Holley’s video guide is a useful companion if you want a visual explanation of injector selection, flow-rate differences, impedance styles, and EFI context.
Watch the Holley guideI did not embed a random YouTube video here because the search results did not expose a clearly verified YouTube video ID for this exact topic. A verified, relevant external video/resource is better than embedding the wrong clip.
When to use the related calculators
This page answers: “What injector size do I need?” The other tools in this cluster answer adjacent questions:
- Flow Rate Calculator – use this when you need to convert lb/hr to cc/min or cc/min to lb/hr.
- Fuel Injector Duty Cycle Calculator – use this when you already know injector size and want to check whether it is enough.
FAQ
How big should my fuel injectors be?
Your injectors should support your target horsepower at a safe duty cycle. Use horsepower, BSFC, injector count, and duty cycle to estimate the required lb/hr or cc/min per injector.
What is the formula for injector size?
The common formula is: injector size = horsepower × BSFC ÷ number of injectors ÷ duty cycle.
Is cc/min the same as lb/hr?
No. They are different flow-rate units. For gasoline, a common estimate is 1 lb/hr ≈ 10.5 cc/min.
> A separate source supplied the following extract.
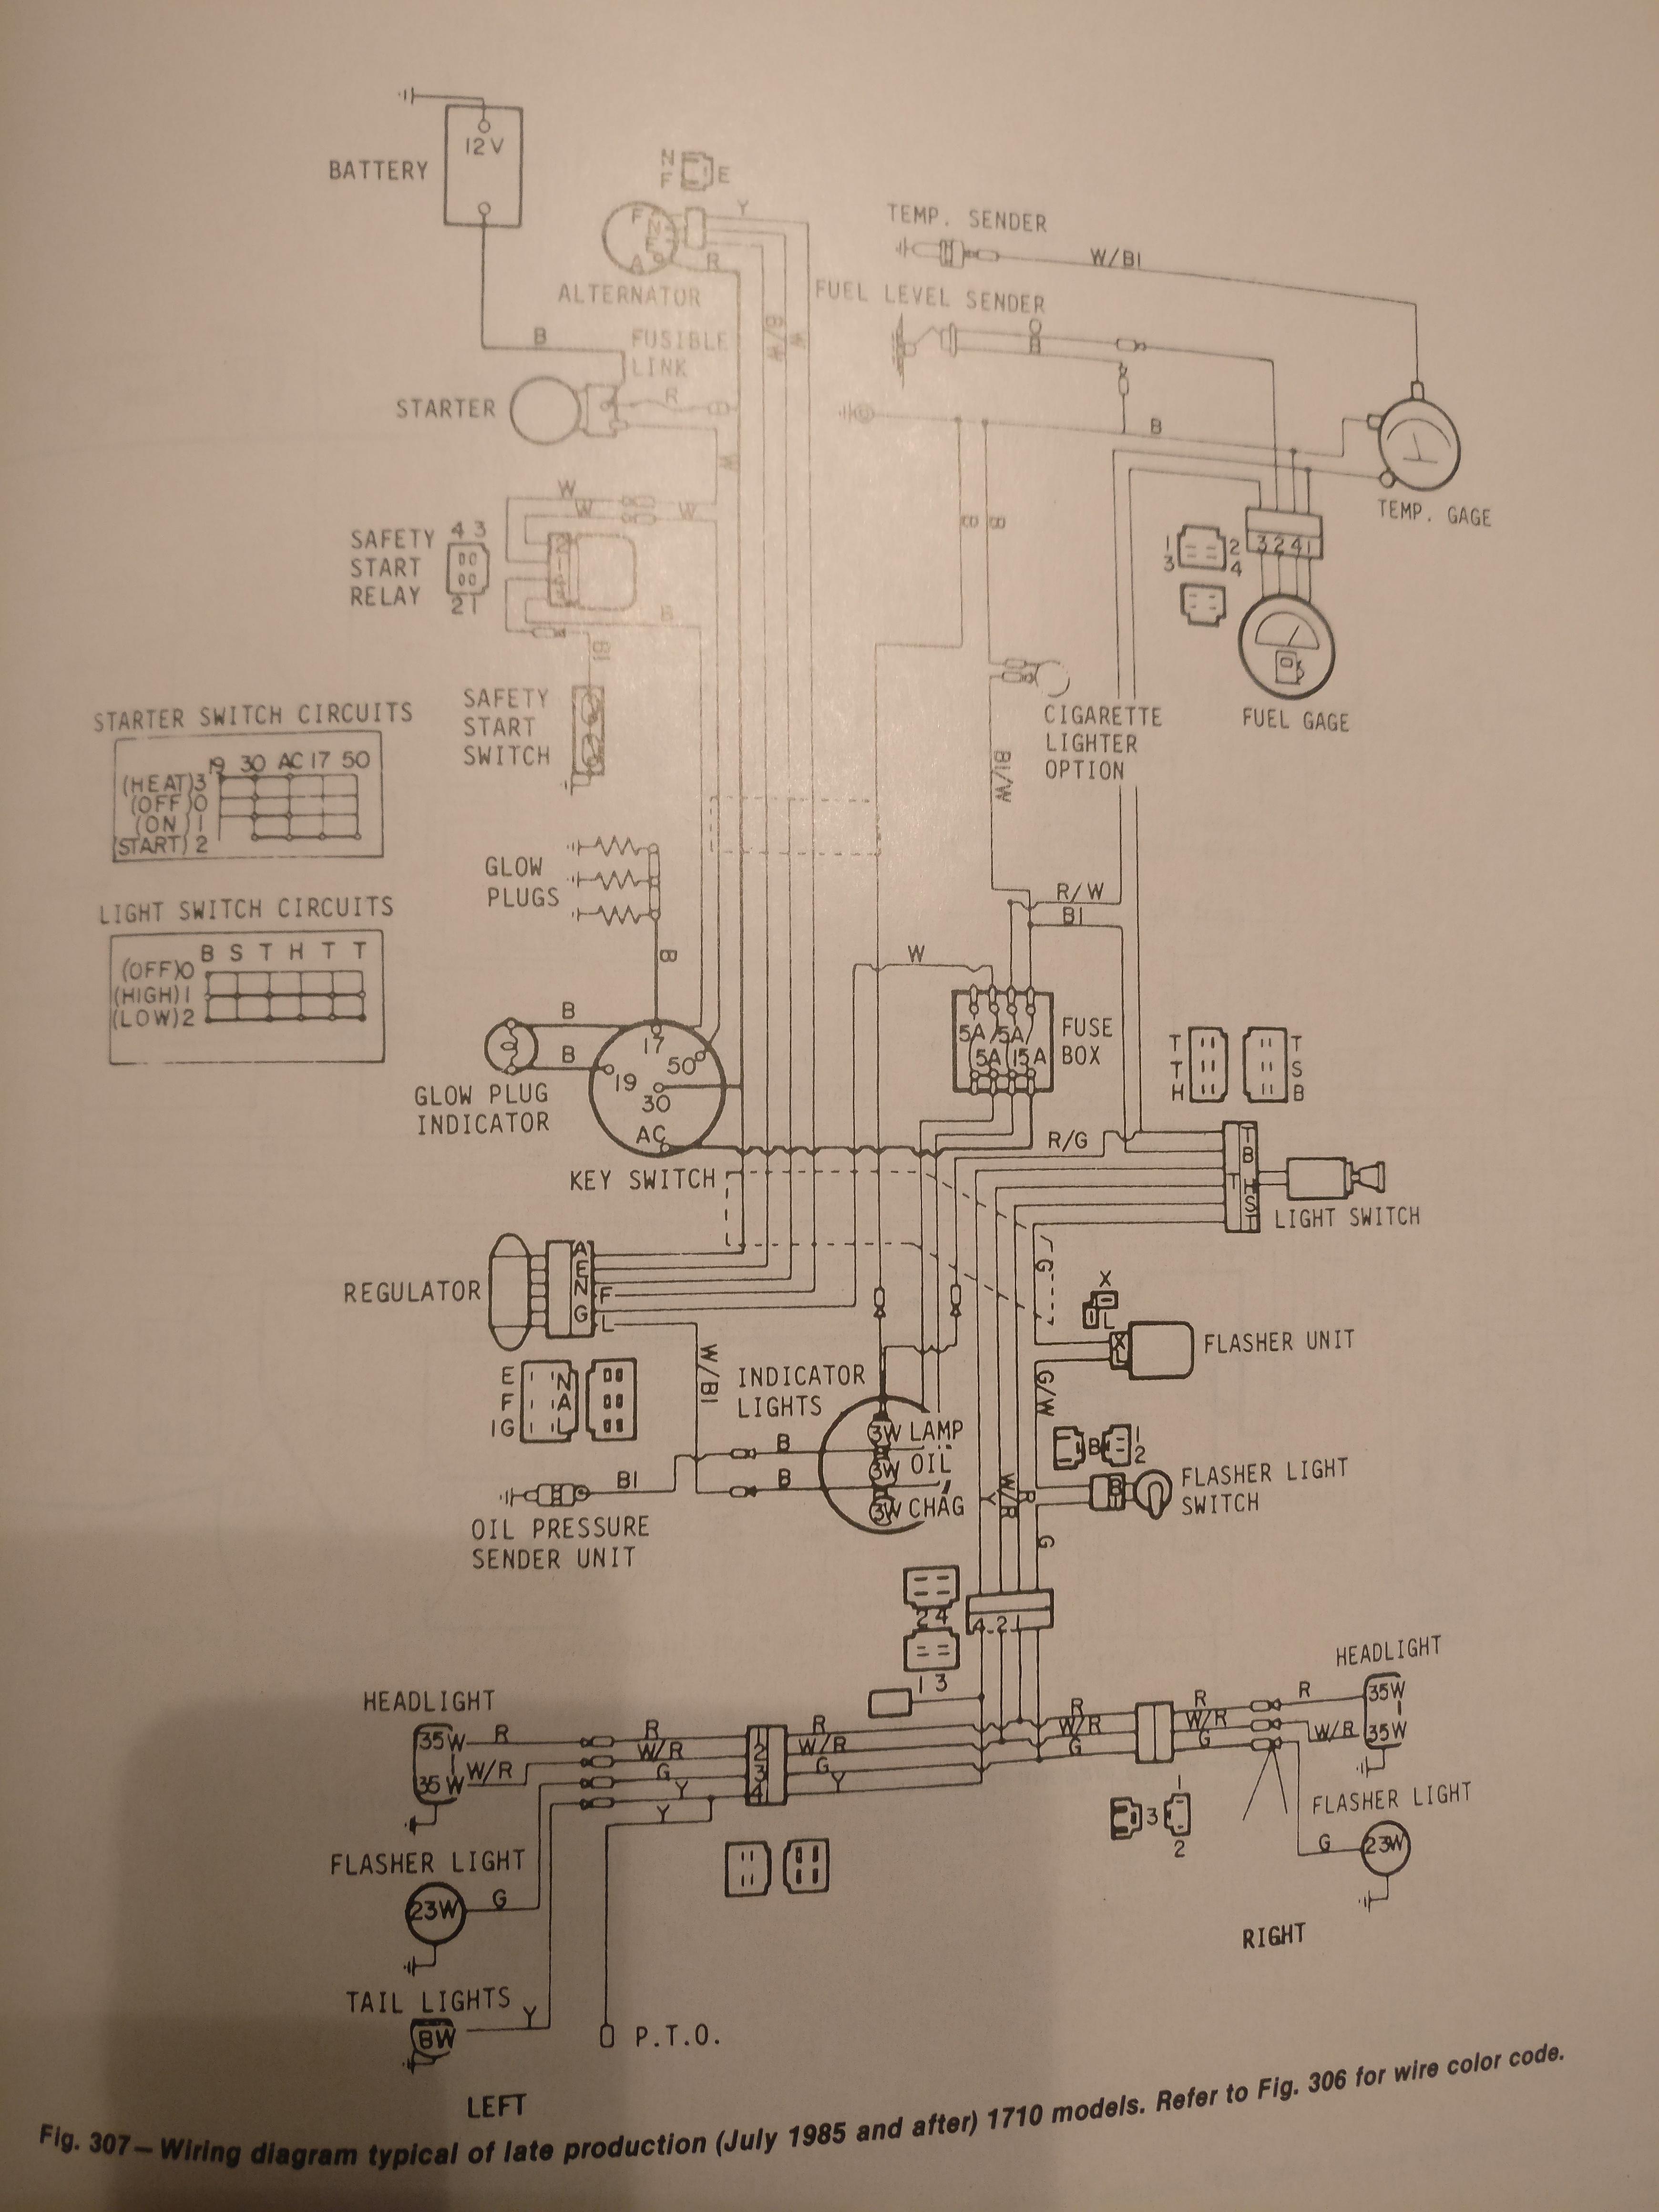 VD_4129] 86 Ford 1710 Tractor Alternator Wiring Diagram Download DiagramArcin Usnes Vira Mohammedshrine Librar Wiring 101

What duty cycle should I use for injector sizing?
Many calculators use 80% or 85%. More conservative setups may use 70% to leave more headroom.
Do turbo engines need bigger injectors?
Usually yes. Boosted engines often use a higher BSFC estimate, which increases required injector size for the same horsepower target.
Do I need bigger injectors for E85?
Usually yes. E85 requires more fuel volume than gasoline, so injector and fuel pump requirements increase.
Can injectors be too big?
Yes. Modern injectors with good data can handle a wide range, but extremely oversized injectors can make idle and low-load tuning harder.
Should I use crank horsepower or wheel horsepower?
Crank horsepower is usually more conservative. If using wheel horsepower, add margin for drivetrain loss and future upgrades.